There are two mTOR multisubunit protein complexes which have been shown to be differentially regulated. mTOR complex 1 (mTORC1) and mTOR complex 2 (mTORC2) share the protein components DEP domain containing mTOR-interacting protein (DEPTOR), mammalian lethal with sec-13 protein 8 (mLST8, also known as GβL), telomere maintenance 2 (telO2), and telO2-Interacting Protein 1 (tti1) (shown as light blue in Figure 2). mTORC1 has three core components: mTOR, regulatory-associated protein of mTOR (Raptor), and mammalian lethal with sec-13 protein 8 (mLST8). Whereas mTOR complex 2 (mTORC2) core components share mTOR, mLST8, but also include rapamycin-insensitive companion of TOR (Rictor), and mammalian stress-activated map kinase-interacting protein 1 (mSIN1) (Figure 2) . mTORC1 is activated by nutrients and growth factors while being inhibited in low energy cellular states. A known complexity with the mTOR pathway is the difference in response to inhibitors, not only by mTORC1 and mTORC2, but also by tissue. mTORC1 is universally inhibited by rapamycin, whereas mTORC2 needs long term exposure to be inhibited by rapamycin which continues to be investigated. While DEPTOR is known to partially inhibit mTORC1 it may not decrease lipogenesis or inflammation alone, however in conjunction with AKT Serine/Threonine Kinase 1 (AKT) inhibitors can result in both decreases in lipogenesis and inflammation . Combination therapy may be necessary in targeting mTORC1 to attained desired effects.
While multiple targets upstream of mTOR continue to be investigated, well described downstream actions of mTOR help in analysis of in vivo, in vitro, and clinical studies. While the major downstream effect of mTOR activation is anabolic energy production (with inhibitors shifting to catabolic energy production from fat), another significant downstream effect of mTOR activation is increased inflammation. In general people living in the western world live in a state of excess inflammation. Time restricted feeding (TRF) was found to help immune response, reducing systemic low-grade inflammation and age-related chronic diseases linked to immunosenescence, without compromising muscle performance . The reduced inflammation seen in calorically restricted individuals is partially due to an increase in autophagy from CR (see below). The mTOR pathway has been shown to trigger the development of T cells, B cells, and antigen-presenting cells (APC). Indeed resveratrol (found in plants such as grapes, red wine, mulberries, and peanuts) has been described as a broad spectrum of action anti-inflammatory which attenuates microglial cell overactivation through mTOR inhibition . Resveratrol inhibition of NF-κB causes an increase in superoxide dismutase (SOD) and results in decreased proinflammatory cytokines IL-1β, IL-6, and TNF-α [73, 74, 75, 76].

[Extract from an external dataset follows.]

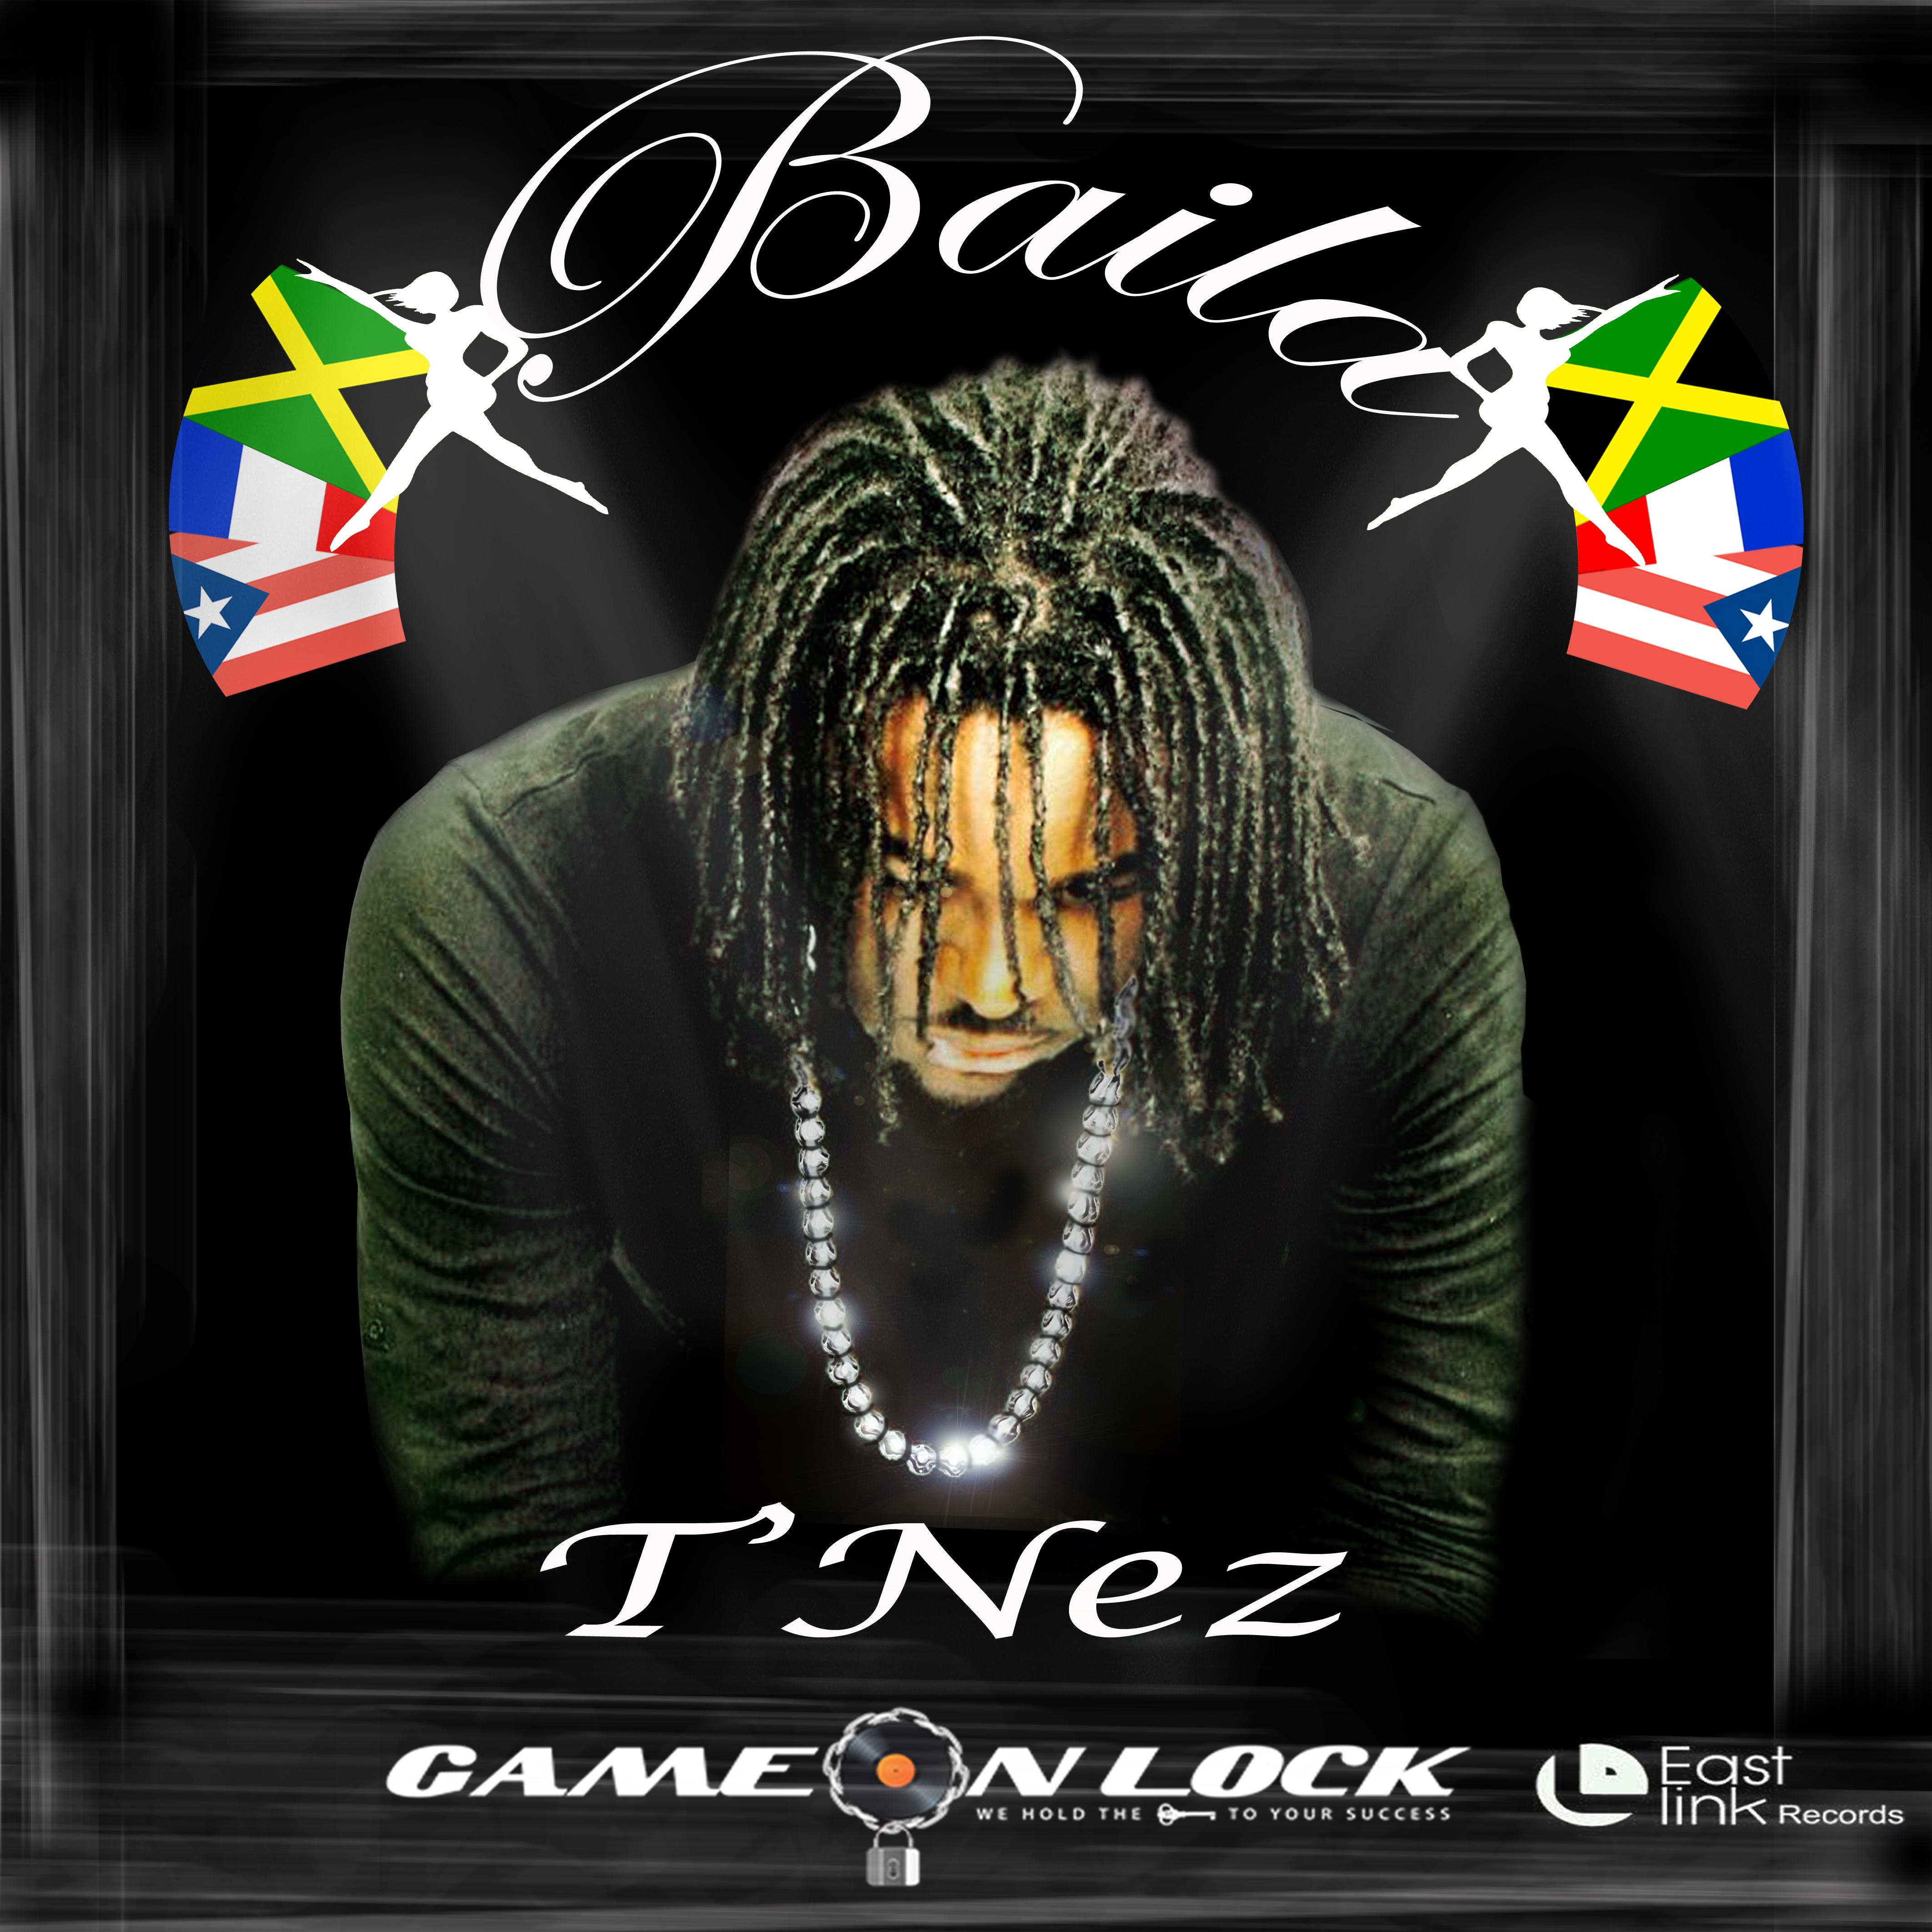 TNEZ-BAILA-EAST-LINK-RECORDS-COVER

Genome wide analysis will likely be needed to elucidate the beneficial molecular level causes of caloric restriction. For example, Dato et al. recently analyzed pathway-based SNP-SNP interactions of 3 pathways: the insulin/insulin-like growth factor signaling (IIS), DNA repair, and pro/antioxidants. Synergistic effects on longevity were found in the combination of growth hormone secretagogue receptor (GHSR) and double strand break repair nuclease MRE11 homolog (MRE11A) genes which are involved in IIS signaling. TP53 also had synergistic effects with either ERCC Excision Repair 2 (ERCC2) or thioredoxin reductase 1 (TXNRD1). Those results highlighted the central role of TP53 in activating DNA repair and pro-antioxidant pathways .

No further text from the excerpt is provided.